Ocorrem fibrose no miocárdio e intensa denervação 
neuronal no plexo mioentérico. Também podem ocorrer 
cardiomegalia, dilatação e hipertrofia das câmaras, 
aneurismas e tromboses apicais, insuficiência mitral e 
tricúspide. Na forma digestiva, em consequência da 
destruição neuronal, ocorre dilatação do esôfago 
(megaesôfago) e/ou dilatação (megacolo) e alongamento 
(dolicolo) do colo. 
QUADRO CLÍNICO 
O período de incubação desde a infecção até os primeiros 
sinais e sintomas varia de acordo com a via de transmissão: 
• Transmissão vetorial: 5 a22 dias, mais 6 a 10 dias 
• Transmissão transfusional: de 20 a 30 dias 
• Transmissão vertical: transmitida em qualquer período 
da gestação, leite é raro 
• Transmissão oral: de 3 a 22 dias 
• Transmissão acidental: até 20 dias após exposição. 

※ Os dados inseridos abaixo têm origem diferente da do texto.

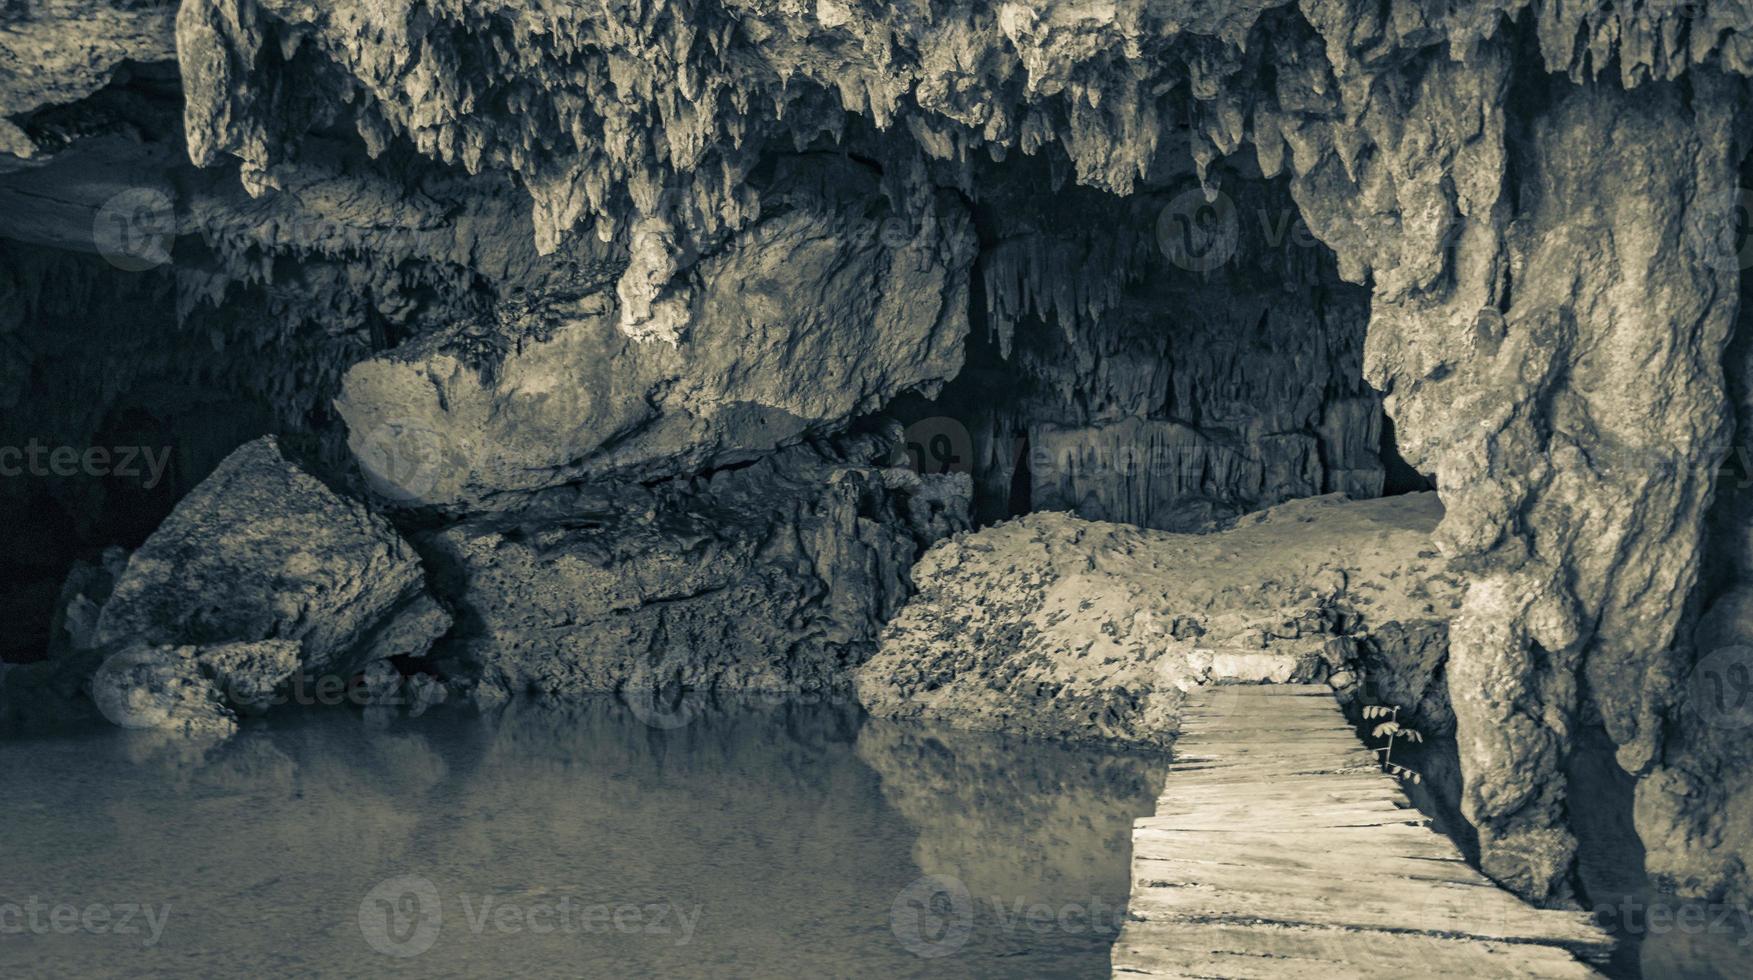 fantastiskt blått turkost vatten och kalkstensgrotta sjunkhål cenote mexico. foto

Os indivíduos com infecção por T. cruzi podem apresentar o 
parasito no sangue, nos tecidos e órgãos por toda a vida, mas 
a parasitemia é mais elevada na fase aguda ou em fase de 
reativação da doença. 
FASE AGUDA A parasitemia dura de 1 a 3 meses e diminui 
espontaneamente com o aparecimento de anticorpos, 
independentemente de terapêutica antiparasitária. Na 
maior parte dos pacientes, a fase aguda pode ser 
oligossintomática, com desaparecimento dos sintomas após 
4 a 12 semanas, mas pode apresentar grave 
comprometimento miocárdico, meningoencefálico ou 
sistêmico (hepatoesplenomegalia, comprometimento do 
tubo digestivo) em neonatos, lactentes e pacientes idosos ou 
imunodeprimidos. A letalidade é de 5 a 10% em indivíduos 
sem imunodepressão conhecida; em imunodeprimidos, a 
letalidade pode atingir 100%, na ausência de tratamento 
precoce. 
Os chagomas de inoculação constituem a porta de entrada 
do parasito e são observados em cerca de 50% dos pacientes 
que adquiriram a infecção por vetor. O mais conhecido é o 
sinal de Romaña (edema indolor unilateral nas pálpebras 
superior e inferior, de cor róseo-violácea, acompanhado de 
hiperemia e congestão conjuntival), podendo também 
manifestar-se como lesão infiltrativa em rosto, tronco ou 
membros superiores e inferiores, acompanhada de 
aumento de linfonodos satélites. Esse edema tem sido 
atribuído a reações de hipersensibilidade à saliva do 
triatomíneo. Na transmissão por via transfusional, não são 
conhecidos sinais de porta de entrada, e na transmissão VO, 
hemorragias digestivas têm sido registradas como lesões de 
porta de entrada dos parasitos. 
➢ Síndrome febril com adenomegalia, hepato e 
esplenomegalia, exantema cutâneo e edema não 
inflamatório. síndrome similar à mononucleose 
infecciosa sem faringite, com adenomegalia regional, 
cervical e generalizada. O exantema pode ser variável, 
com máculas, pápulas, vesículas, petequial, purpúrico, 
ou apresentar características de outros exantemas. 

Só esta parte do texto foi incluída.